A pixel value of the input image is compared with a predetermined threshold value to binarize the pixel value,

And grouping the binarized pixel values to separate objects included in the input image.
8. The method of claim 7,

Wherein the object position information generation step comprises:

Specifying a bounding box surrounding the segmented object,

And generating object position information of the separated object based on the specified rectangular box.
8. The method of claim 7,

The object detection deep learning model includes a Convolutional Neural Network (CNN)

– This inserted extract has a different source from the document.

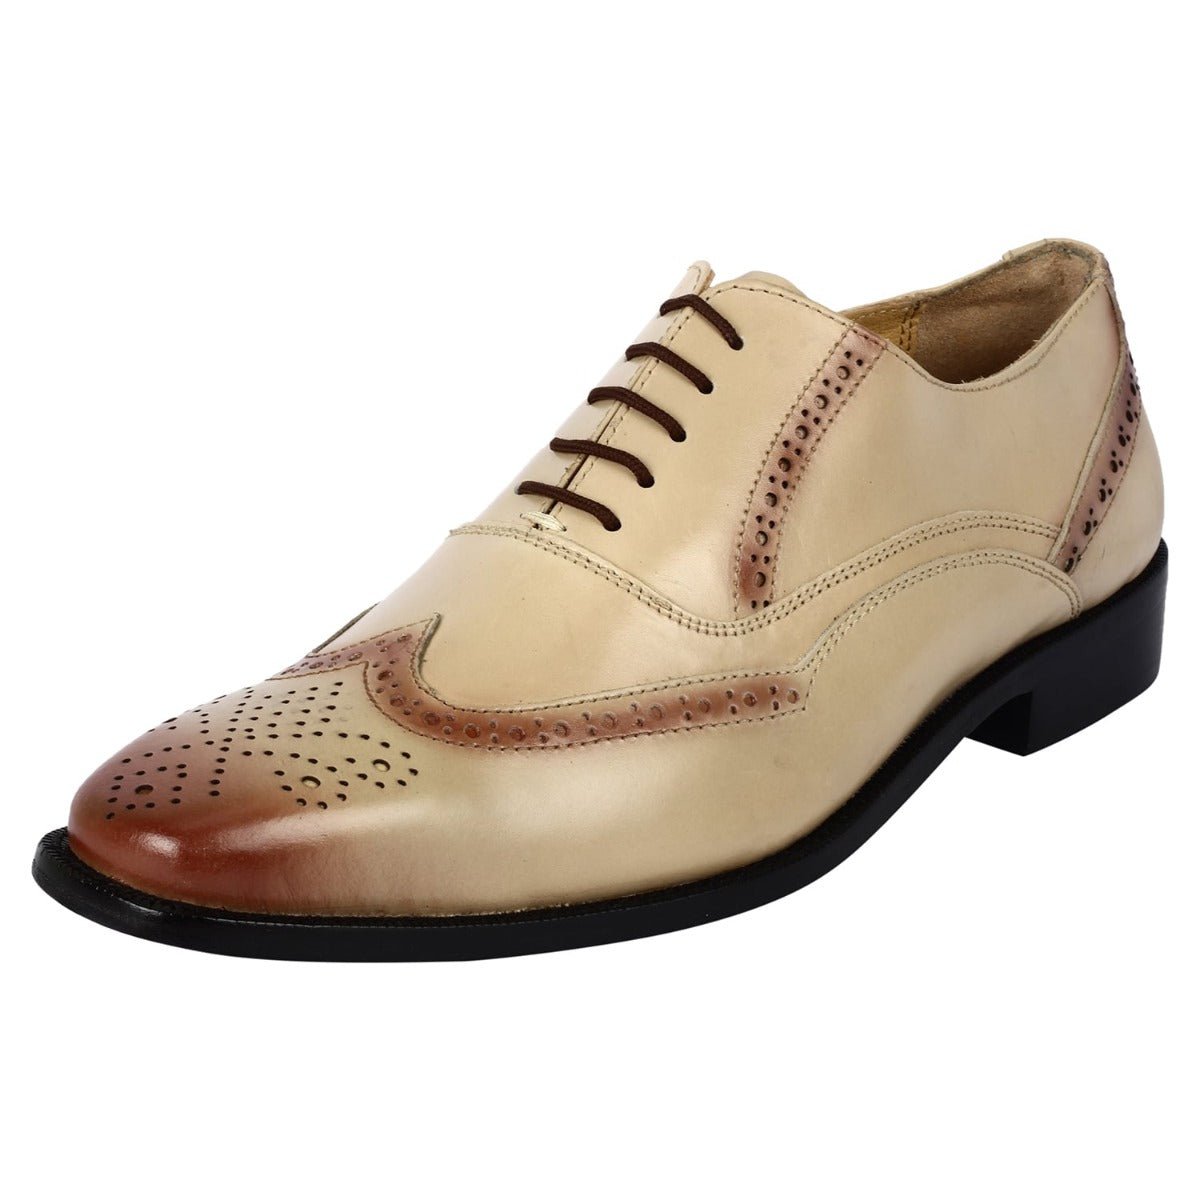 Bubble Leather Oxford Style Dress Shoes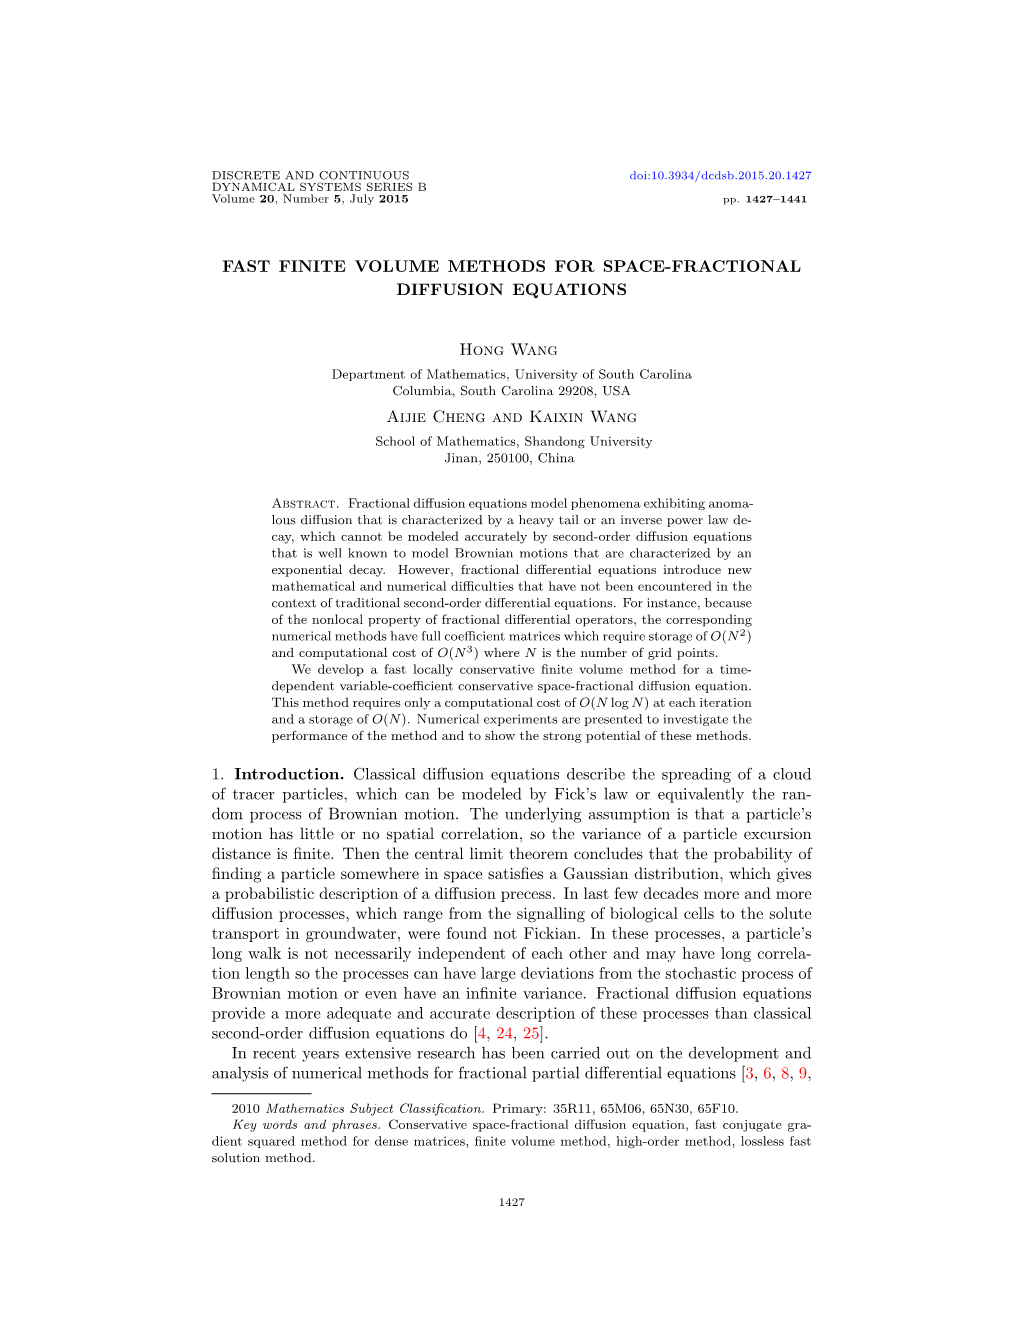 Fast Finite Volume Methods for Space-Fractional Diffusion Equations

The object detection deep learning model learning step includes:

And generating a feature map of the composite neural network by projecting the position information of the first object and the position information of the second object when the third image is learned.
And an object region extracting step of receiving an image including the object and distinguishing the object and the background,

Wherein the object region extracting step comprises:

A pixel value of the input image is compared with a predetermined threshold value to binarize the pixel value,

And grouping the binarized pixel values to separate objects included in the input image.
12. The method of claim 11,

Further comprising an object location information generating step of generating location information of the separated object,

Wherein the object position information generation step comprises:

Specifying a rectangular box surrounding the divided object,

And generating object position information of the separated object based on the specified rectangular box.
A computer-readable recording medium storing a program,

The program includes:

An object region extracting step of receiving a first image including a first object and a second image including a second object and distinguishing the object and the background for each of the first image and the second image;

An object position information generating step of generating position information of the first object and the second object;

An image synthesis step of generating a third image including the first object and the second object based on the position information of the first object and the position information of the second object; And

And an object detection deep learning model learning step of learning an object detection deep learning model using the position information of the first object, the position information of the second object, and the third image.
A computer-readable recording medium storing a program,

The program includes:

An object region extracting step of receiving an image including an object and distinguishing the object and the background,

Wherein the object region extracting step comprises:

A pixel value of the input image is compared with a predetermined threshold value to binarize the pixel value,

And classifying the objects included in the input image by grouping the binarized pixel values.